Cross-laminated timber panels are becoming commonplace in small buildings in continental Europe, but the technology now is reaching new heights in the U.K. A 33.3-meter-high residential building in London will, say its designers, be the world’s tallest to use the innovative material structurally.

Designed to incorporate more than 3,850 cu m of the material, also called CLT, the Dalston Lane building also represents the material’s largest use, adds Waugh Thistleton Architects. The architect pioneered tall CLT structures in the U.K. with completion six years ago of the eight-story Stadthaus apartment building in London. The 16,000-sq-m Dalston Lane building will contain 121 apartments and commercial space formed mainly by more than 28,000 sq m of wall and floor CLT panels supporting most of the vertical and horizontal loads. They consist of generally five layers of solid-sawn lumber with adjacent layers at right angles and bonded with structural adhesive (see related story, p. 36). Rising from a concrete slab one floor above street level, the panels will be covered by brick cladding for weather protection.

Dalston Lane weighs “substantially” less than a concrete version of the building, says the designer. In addition, the building’s carbon footprint is 60% less than it would be with concrete. Sequestered carbon, captured during tree growth, further reduces CLT’s environmental impact. These aspects helped the developer Regal Homes Ltd. secure local approval for a larger building on the site than might otherwise have been allowed, says CEO Simon De Friend.

Standardized European Union design codes, known as Eurocodes, provide a “good basis” for engineering, says Gavin White, building director for project engineer Ramboll U.K. Ltd. The codes cite the use of 12.5-mm-thick dry liner to provide protection before the timber chars—typically at a rate of around 0.7 mm per minute. The fire rating on the building is generally 90 minutes, with 120 minutes in critical areas.

CLT products themselves are not covered by Eurocodes, so manufacturers use an accreditation system called European Technical Assessment to demonstrate compliance with E.U. legislation. “But there are still questions you come up with,” says White. Researchers at Imperial College London are, for example, investigating potential corner crushing and connection design for panels subjected to high in-plane horizontal forces, as in shear walls.

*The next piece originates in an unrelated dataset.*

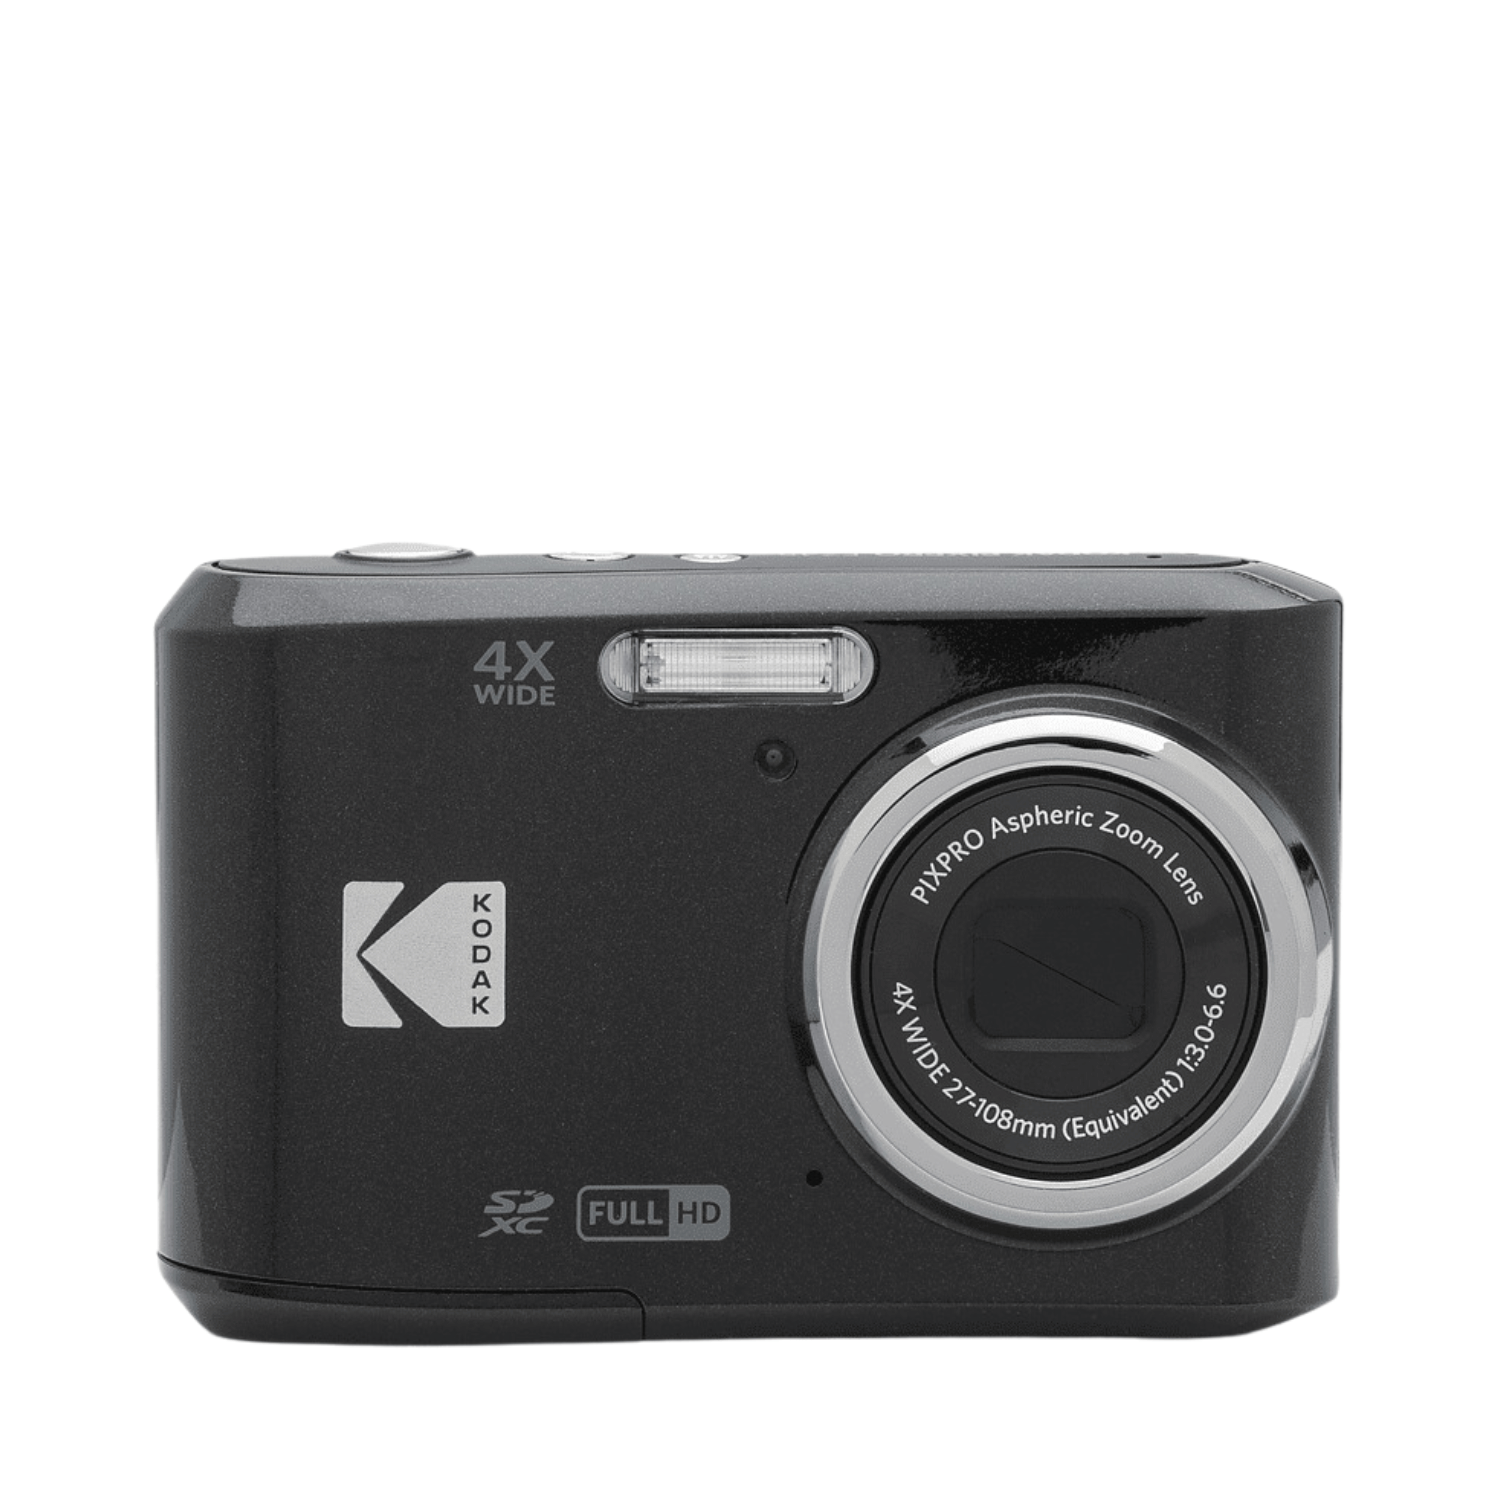 Kodak Pixpro fz43 - Cine Sud è da 47 anni sul mercato!

CLT subcontractor B&K Structures Ltd. started on the Dalston Lane site this summer. Construction is set to finish by October. Originally a steel contractor, B&K moved into timber in 2008. It now divides its $40-million annual revenue about equally between CLT and glulam, says engineering manager Greg Cooper. The firm has an exclusive deal to use timber products from Austria’s Binderholz GmbH. To secure required technical support, “we had to align ourselves with a major supplier,” he says. Erectors use small screwed L-shaped galvanized steel brackets to tie partition walls to floors and ceilings, and to each other at corners. Shear walls, offering lateral stability, are held with stouter brackets that are more than 60 cm tall by 75 cm wide, each fixed with over 50 nails. Attached to the tops and bottoms of walls, the brackets are bolted together between floors.

The building kit nature of CLT can reduce erection time by one-third, says the architect. But because all structural and nonstructural components are manufactured, the design effort needs significant front loading. Also, the inability to fast-track work requires the site to be idle initially for longer periods than with conventional building approaches.